Nach § 118 Abs. 1 VwGO sind Schreibfehler, Rechenfehler und ähnliche offenbare Unrichtigkeiten im Urteil jederzeit vom Gericht zu berichtigen. Diese Bestimmung gestattet die Berichtigung aller Bestandteile eines Urteils1, wenn einer der genannten Fehler vorliegt. Eine einem Schreib- oder Rechenfehler ähnliche offenbare Unrichtigkeit liegt aber nur dann vor, wenn dem Gericht bei der Äußerung seines Willens im Urteil ein „technischer“ Fehler unterlaufen ist. Nicht nach § 118 VwGO berichtigungsfähig sind demgegenüber solche Fehler, die dem Gericht inhaltlich, also auf der Ebene der Willensbildung unterlaufen sind. Diese Einschränkung ergibt sich aus der begrenzten Zweckrichtung der Vorschrift, es dem Gericht zu ermöglichen, einen Erklärungsirrtum zu korrigieren. § 118 VwGO dient nicht dazu, dem Gericht die Möglichkeit einzuräumen, sich von der Bindungswirkung des Urteils (§ 173 VwGO i.V.m. § 318 ZPO, § 121 VwGO) freizustellen und eine im Nachhinein als falsch erkannte Entscheidung außerhalb des vorgesehenen Rechtsmittelzugs zu korrigieren2

In einem jetzt vom Niedersächsischen Oberverwaltungsgericht entschiedenen Fall hatte der Kläger geltend gemacht, der Senat habe bei der Abfassung seines Urteils in diesem Verfahren unzutreffend auf die nicht vergleichbare prozessuale und materiell-rechtliche Situation im Parallelverfahren 8 LC 45/09 abgestellt und die dort gegebene Begründung der Entscheidung versehentlich auch in den Gründen der Entscheidung im hiesigen Verfahren verwandt. Das Oberverwaltungsgericht lehnt die Urteilsberichtigung ab: Wäre dieser Einwand zutreffend, läge nicht ein bloßer Fehler in der Willensäußerung, sondern bereits in der Willensbildung des Senats vor. Ein solcher Fehler ist nicht nach § 118 VwGO zu korrigieren.

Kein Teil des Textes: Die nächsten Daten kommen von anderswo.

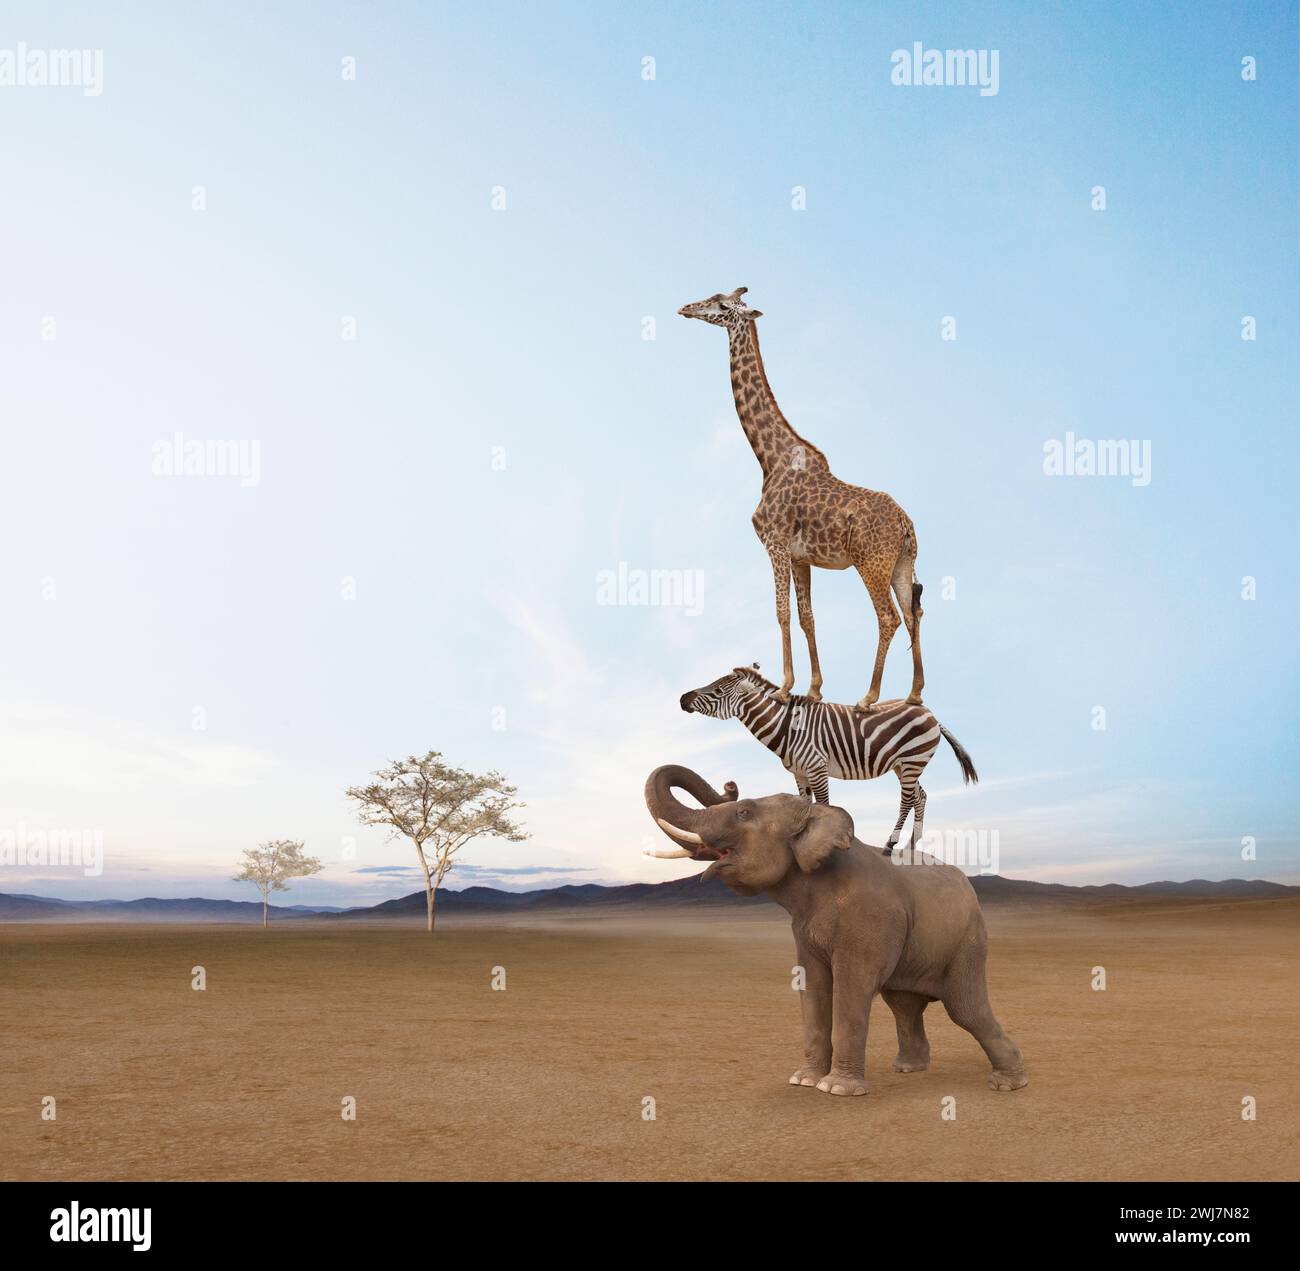 Une girafe se tient sur le dos d'un zèbre qui se tient sur le dos d'un éléphant dans une image sur le travail d'équipe, la vision et la coopération. Banque D'Images

Niedersächsisches Oberverwaltungsgericht, Beschluss vom 12. November 2010 – 8 LC 40/09

  1. vgl. OVG Rheinland-Pfalz, Beschluss vom 12.05.1998 – 12 A 12501/97, NVwZ 1999, 198, 200; Kopp/Schenke, VwGO, 16. Aufl., § 118 Rn. 5; Schoch/Schmidt-Aßmann/Pietzner, VwGO, Stand: Mai 2010, § 118 Rn. 4[]
  2. vgl. BVerwG, Beschluss vom 17.09.2007 – 8 B 30/07, NVwZ 2007, 1442; Sächsisches OVG, Beschluss vom 23.06.2010 – 2 E 159/09; Niedersächsisches OVG, Beschluss vom 27.03.2009 – 9 LA 436/07; OVG Sachsen-Anhalt, Beschluss vom 19.01.2009 – 3 O 10/09, jeweils m.w.N.[]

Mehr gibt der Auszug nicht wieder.